Beneath a dirty patch near the front door I unearthed the handprints. In the summer my father and Petar had poured new concrete for the patio, we’d each left a handprint in the square by the door. It was my idea.

“If you’re bad, I’ll cover up your handprint and you’ll be erased from the family!” Petar had teased whenever he wanted me to run an errand for him. Now I stood before the inlay, pressed my hand into the contours of his, and considered how easy it was to erase a family. I traced my parents’ hand shapes, then my own, my nine-year-old fingertips barely reaching the first knuckles of my fingers now. At the corner of the block, a vaguely toe-shaped smudge was pressed in the cement. Jealous but too embarrassed to add his own handprint to what he deemed to be a family plot, Luka had planted his big toe in the concrete. Then, even more ashamed, he hadn’t washed the cement off quickly enough, and it took days to peel from his skin.

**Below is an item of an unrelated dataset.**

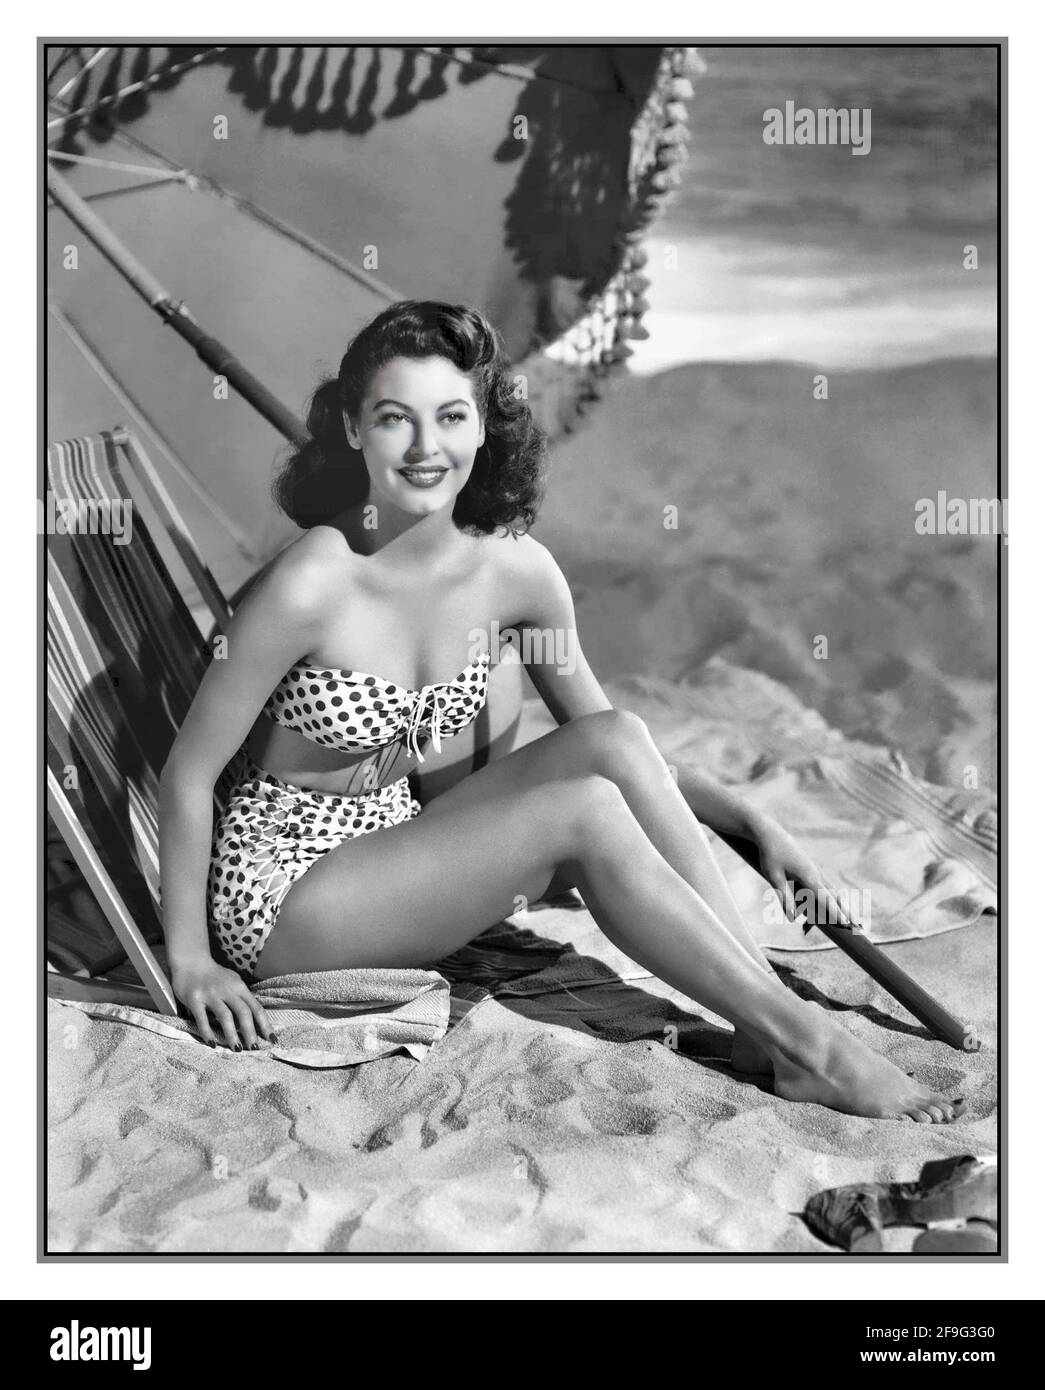 Hollywood actress bikini hi-res stock photography and images - Alamy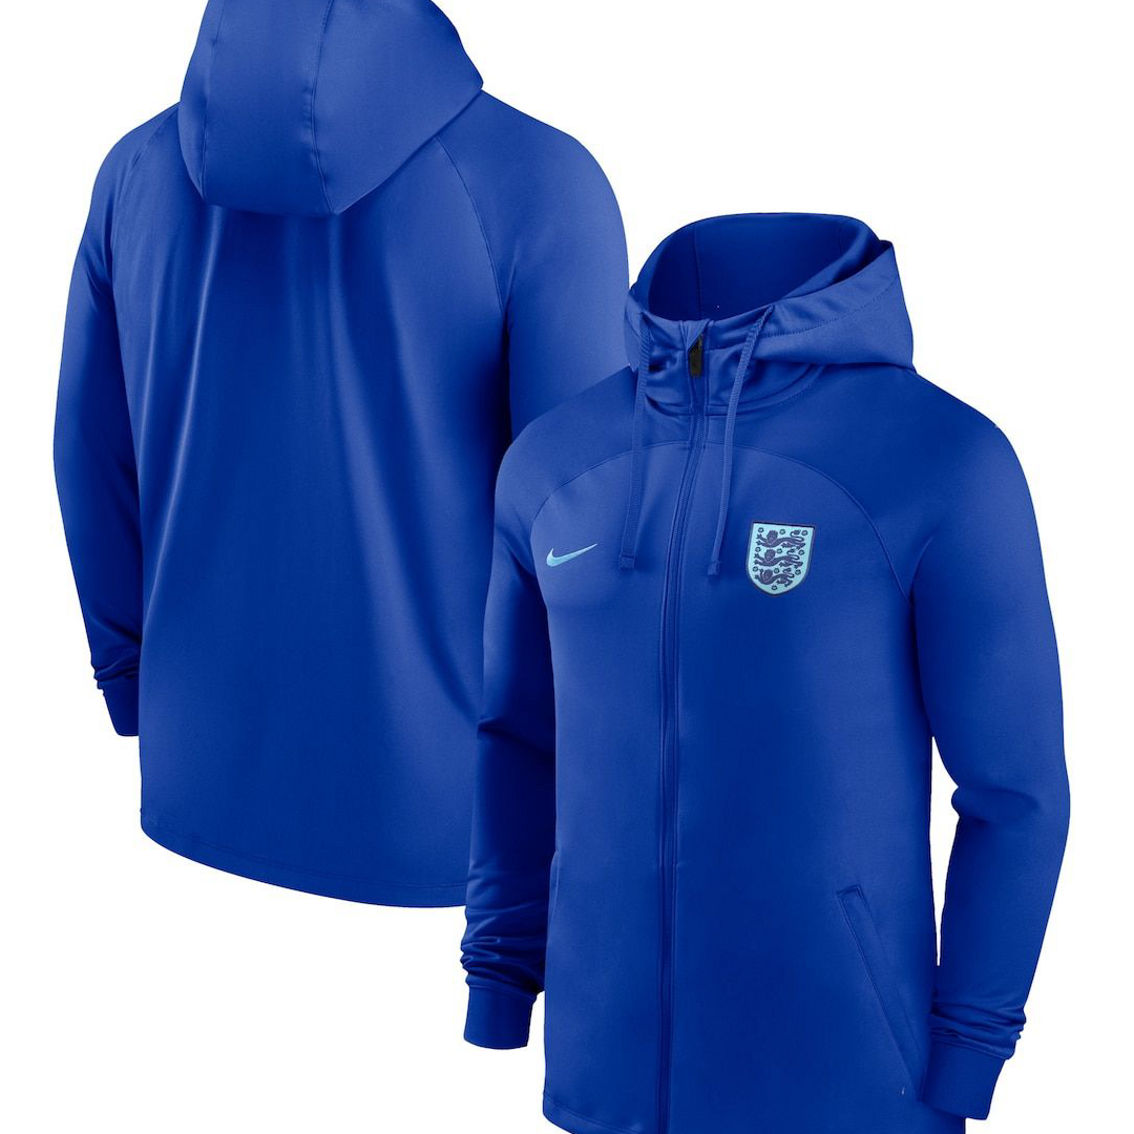 Nike Men's Blue England National Team Strike Raglan Hoodie Full-Zip Track Jacket - Image 2 of 4

“Hey, Luka! Come see this!”

Luka appeared, sweaty and shirtless. “What is it?”

“Your toe has stood the test of time!”

“Are those your parents’?”

“And Petar’s and Marina’s, yeah.”

“And yours,” he said.

“Yeah. And mine.”

“I’m glad you have this,” he said, turning back in to the house. For a minute I wondered whether he was going to try to cut the rock out of the ground, but he returned instead with my backpack, and dug through it to find my camera. “Here.”

I took two pictures and set them inside on the table to develop. “Get my wallet out of there, too,” I said. “Let’s go to the store.”

We climbed the stairs back to the upper footpath toward the village store.

“Do you think you’ll go look for Marina?” Luka said. I thought of the day I escaped and wondered whether Petar had died or had gone back to the front and saved others. If he’d been caught in those woods, Marina might think I was dead, too.

“I want to. But it’s harder for me to wander around Austria than it is here.”

“I could go with you if you want.”

“Maybe I’ll try to write her somehow first.”

“If she’s alive, you should visit.”

“Let me do it,” I said.

“I will. But I won’t let you wait another decade this time.”

The bells on the door jingled when we made our way inside, and an ancient man glanced up from his Dalmacija News with disinterest. The store’s main stock — bread, fatty white cheese, stamps, and cigarettes — was laid out on a card table. In the cooler nearby were mackerels and mussels the fishermen had brought in. Luka and I picked two mackerels from the case. Luka asked for olive oil, and the man wrapped the fish in newspaper, then retrieved a small cruet. He added a book of matches to the pile.

“Does the pay phone still work?” I said. The phone attached to the side of the store had been the only one in the village when I was young, and even then it was finicky.

“Sometimes,” he said. “Do you want a phone card?”

“Please,” I said. “For America.”

He pulled a plastic card from beneath the till in the register that said NORTH AMERICA in bold lettering across the front, and added it to our total. Luka peeled a hundred-kuna note from his billfold, and the man put our food in a brown paper bag.